# Hit Plateau - Need some BIG advice



## cramlow (Jul 7, 2015)

Gents/Beasts - Looking for advice on what supplement or otherwise, not steroids please (dont want to loose my hair or man bits), for help putting on about 15 pounds of muscle in about 3 months. I lift three days a week with a day break in between.

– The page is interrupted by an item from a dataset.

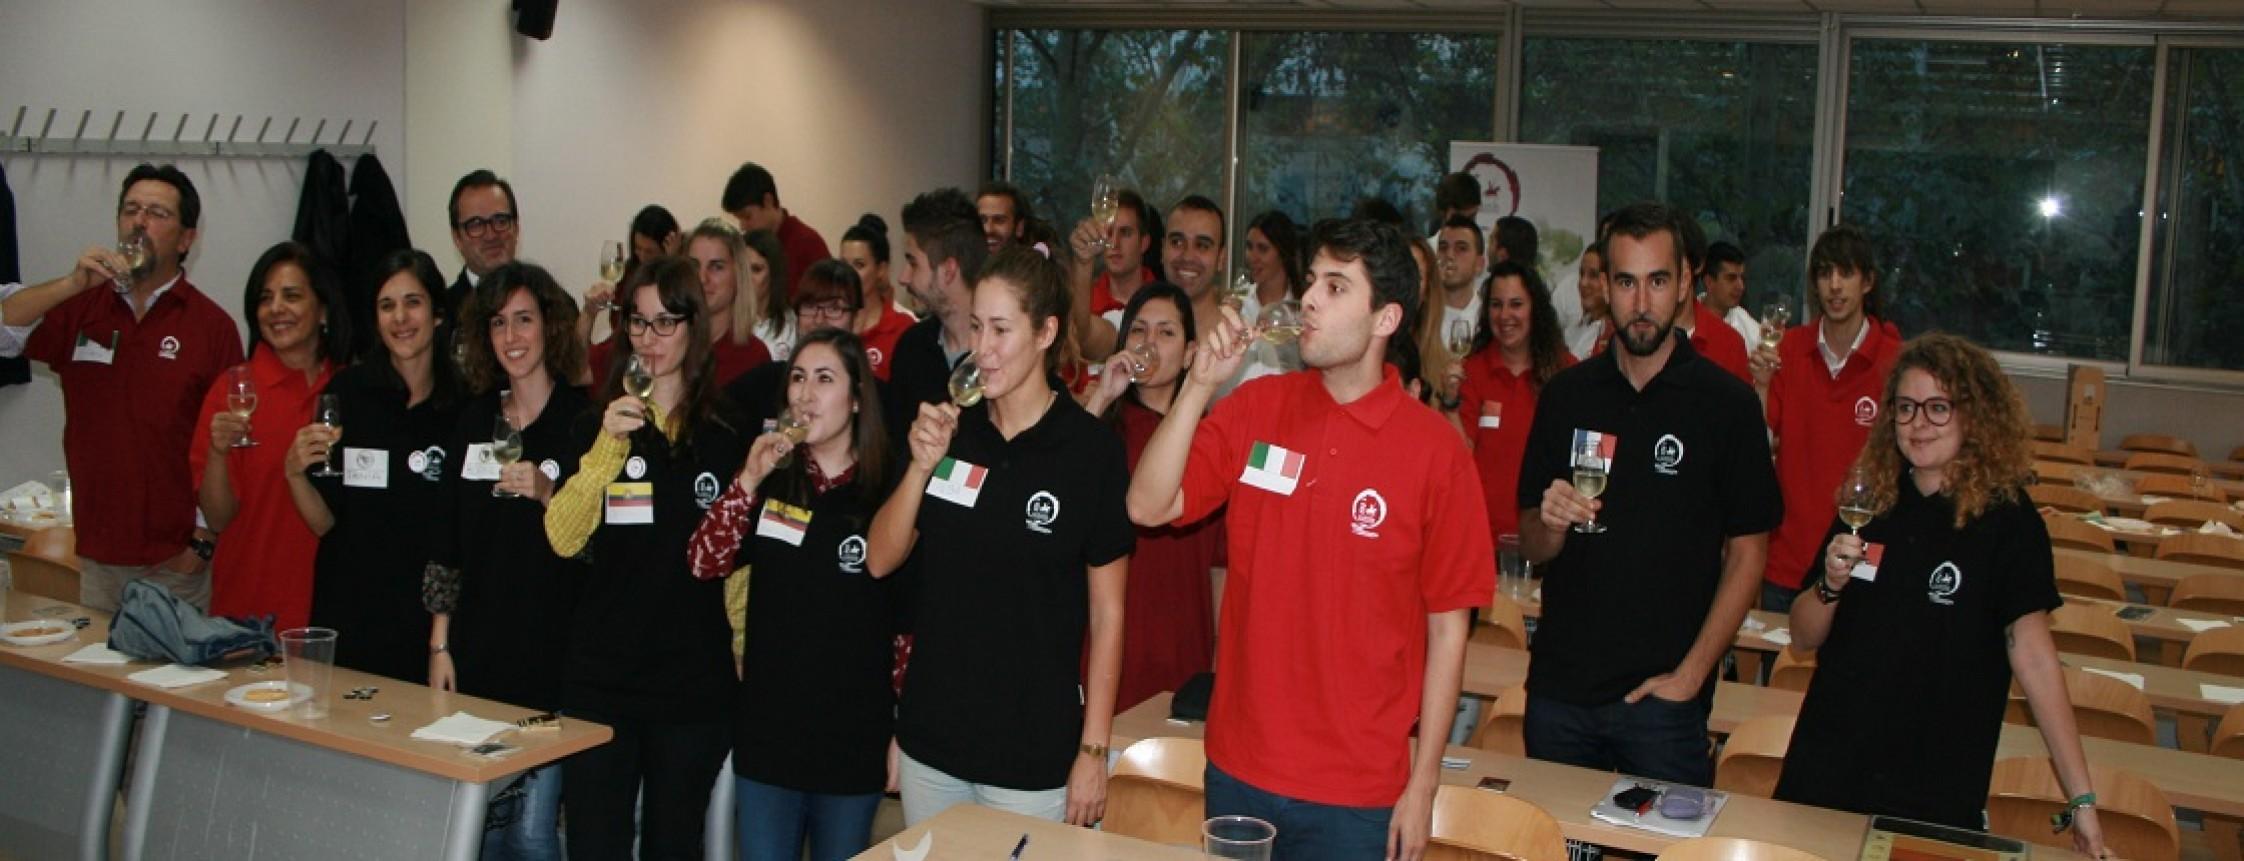 I Jornada de Difusión de la Cultura del Vino en la UCM con excelente participación.

Currently I'm 175, 5'8, 44, about 10% body fat, been lifting for about 12 years. I've not been able to grow any bigger but I also havent been eating a lb of protein per lb of weight. Should I focus on protein or get some helpful magical pills, or both?

Thanks guys


----------



## whitelml (Jul 7, 2015)

Whats your diet like ?  Are you eating at maintenance or a surplus.  Food always helps with size.


----------



## McDuffy (Jul 7, 2015)

15 lbs of muscle in 3 months without steroids is impossible


----------



## whitelml (Jul 7, 2015)

Muscletech might work


----------



## PillarofBalance (Jul 7, 2015)

I would echo mcduffy. And supps don't work except creatine.

So try this,

1. Creatine monohydrate at 5g per day

2. Poptarts intraworkout

3.  Train with heavier weight for lower reps for a while.


----------



## DieYoungStrong (Jul 7, 2015)

PillarofBalance said:


> I would echo mcduffy. And supps don't work except creatine.
> 
> So try this,
> 
> ...



Do all this, but be realistic. 15 pounds of muscle is NOT going to happen in 3 months. It's pretty much impossible. Just try to make the best progress you can and keep pushing forward.


----------



## cramlow (Jul 7, 2015)

Solid advice, I'll tap it all in. Thanks


----------



## McDuffy (Jul 7, 2015)

also steroids won't make u lose ur man bits, they'll just get small for a period of time


----------



## ECKSRATED (Jul 7, 2015)

#teamnattywithbigmanbits


----------



## PillarofBalance (Jul 7, 2015)

McDuffy said:


> also steroids won't make u lose ur man bits, they'll just get small for a period of time



Which makes your dick look bigger and cuts down in trauma to them


----------



## mickems (Jul 7, 2015)

McDuffy said:


> also steroids won't make u lose ur man bits, they'll just get small for a period of time



don't let people know that. that's the excuse I use for having a small pp.


----------



## mickems (Jul 7, 2015)

cramlow said:


> Gents/Beasts - Looking for advice on what supplement or otherwise, not steroids please (dont want to loose my hair or man bits), for help putting on about 15 pounds of muscle in about 3 months. I lift three days a week with a day break in between.
> 
> Currently I'm 175, 5'8, 44, about 10% body fat, been lifting for about 12 years. I've not been able to grow any bigger but I also havent been eating a lb of protein per lb of weight. Should I focus on protein or get some helpful magical pills, or both?
> 
> ...



there is only one magic pill. that's discipline. oh yeah, and Cialis.


----------



## Dex (Jul 7, 2015)

So you have been lifting for 12 years? And 44 is your age? According to the models, you are already at the max for a 5'8" person at 10% body fat. So if this is true, you must be a hardcore natty bodybuilder. I would suggest going pro.


----------



## HDH (Jul 8, 2015)

Food, food and food.

It'll take a good year for 15lbs. That's a no BS solid year of full time dedication.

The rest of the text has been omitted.